Don’t you think that looks ugly though?

And doesn’t it defeat the purpose of my “Pretty URL”?

Debbie

Penalized is probably the wrong word.

If in doubt, follow the information to the source. https://support.google.com/webmasters/answer/1663744?hl=en

EDIT: Also https://support.google.com/webmasters/answer/66359?hl=en

What is your opinion on what I am doing to my URLs, Jeff?

If I implement the canonical link thingy and use next and prev, can I still keep URLs like these…


/finance/economy/by-date/desc/1
/finance/economy/by-date/desc/2
/finance/economy/by-date/desc/3
/finance/economy/by-date/desc/4

/finance/economy/by-title/asc/1
/finance/economy/by-title/asc/2
/finance/economy/by-title/asc/3
/finance/economy/by-title/asc/4

More so, do you follow what I am doing? (I feel like people don’t follow exactly what I am encountering on my Subsection landing page…) :frowning:

Sincerely,

Debbie

Those URLs are probably fine. Regardless if you use path segments or query strings, Google will likely still see them as separate pages. Also, pagination and sorting are extremely common on the Web. It seems a safe bet that Google will interpret it as such and index appropriately. That being said, the “canonical”, “next”, and “prev” links can only help.

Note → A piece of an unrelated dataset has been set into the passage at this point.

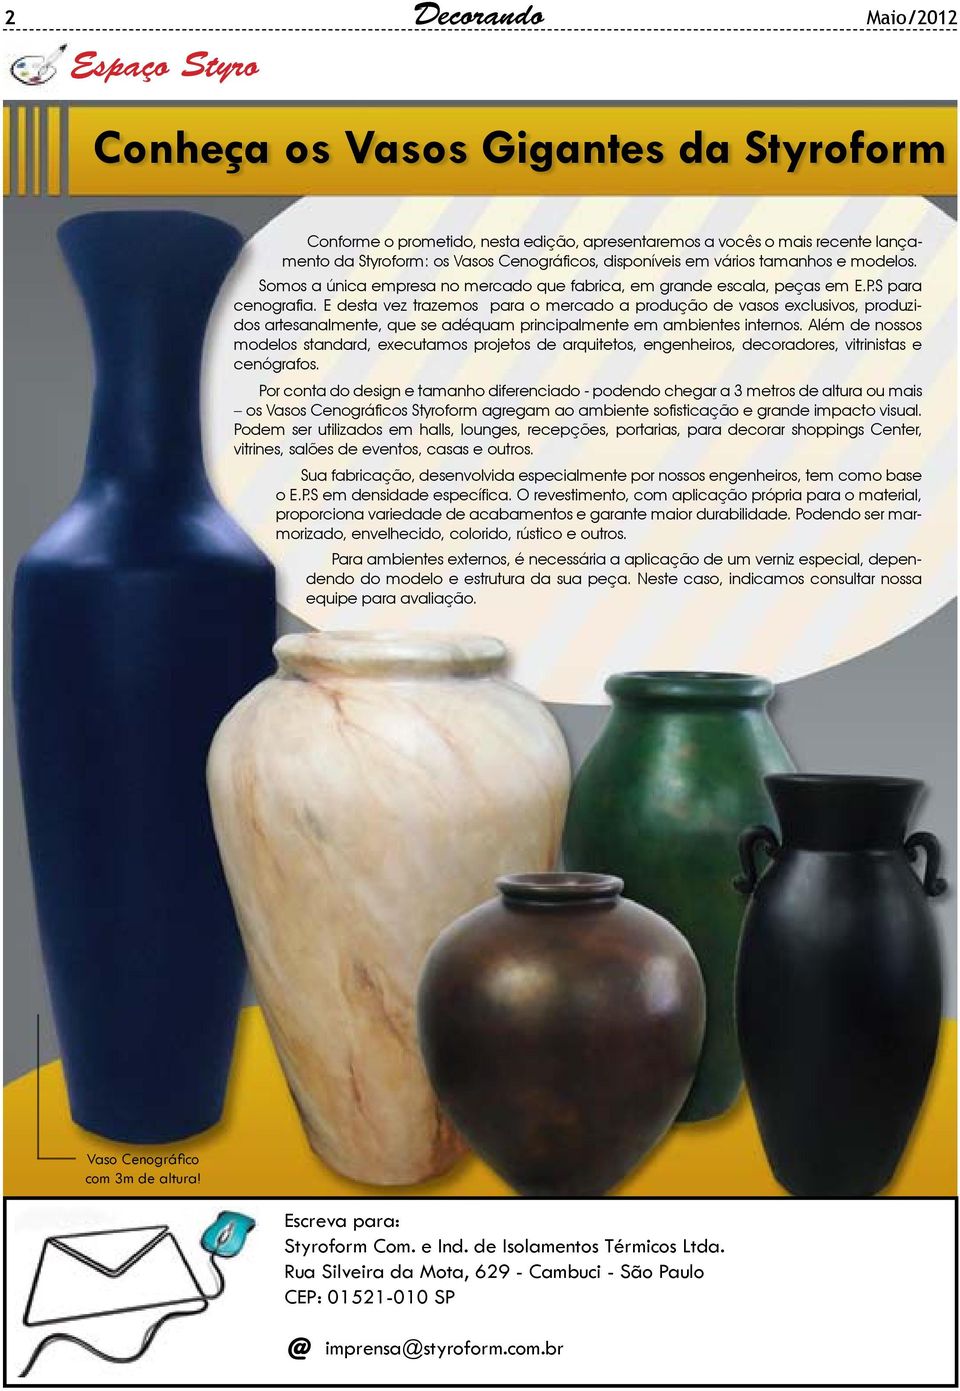 E desta vez trazemos para o mercado a produção de vasos exclusivos, produzidos artesanalmente, que se adéquam principalmente em ambientes internos.

I try to make a point to use words such as “probably”, “likely”, and “safe bet”, because most of what anyone will ever tell you about SEO (me included) is most likely an educated guess. Realistically, Google’s search engine is a black box. We don’t get to see its internal wiring. Google’s webmaster blogs and videos are almost certainly our best insight into the engine’s inner workings.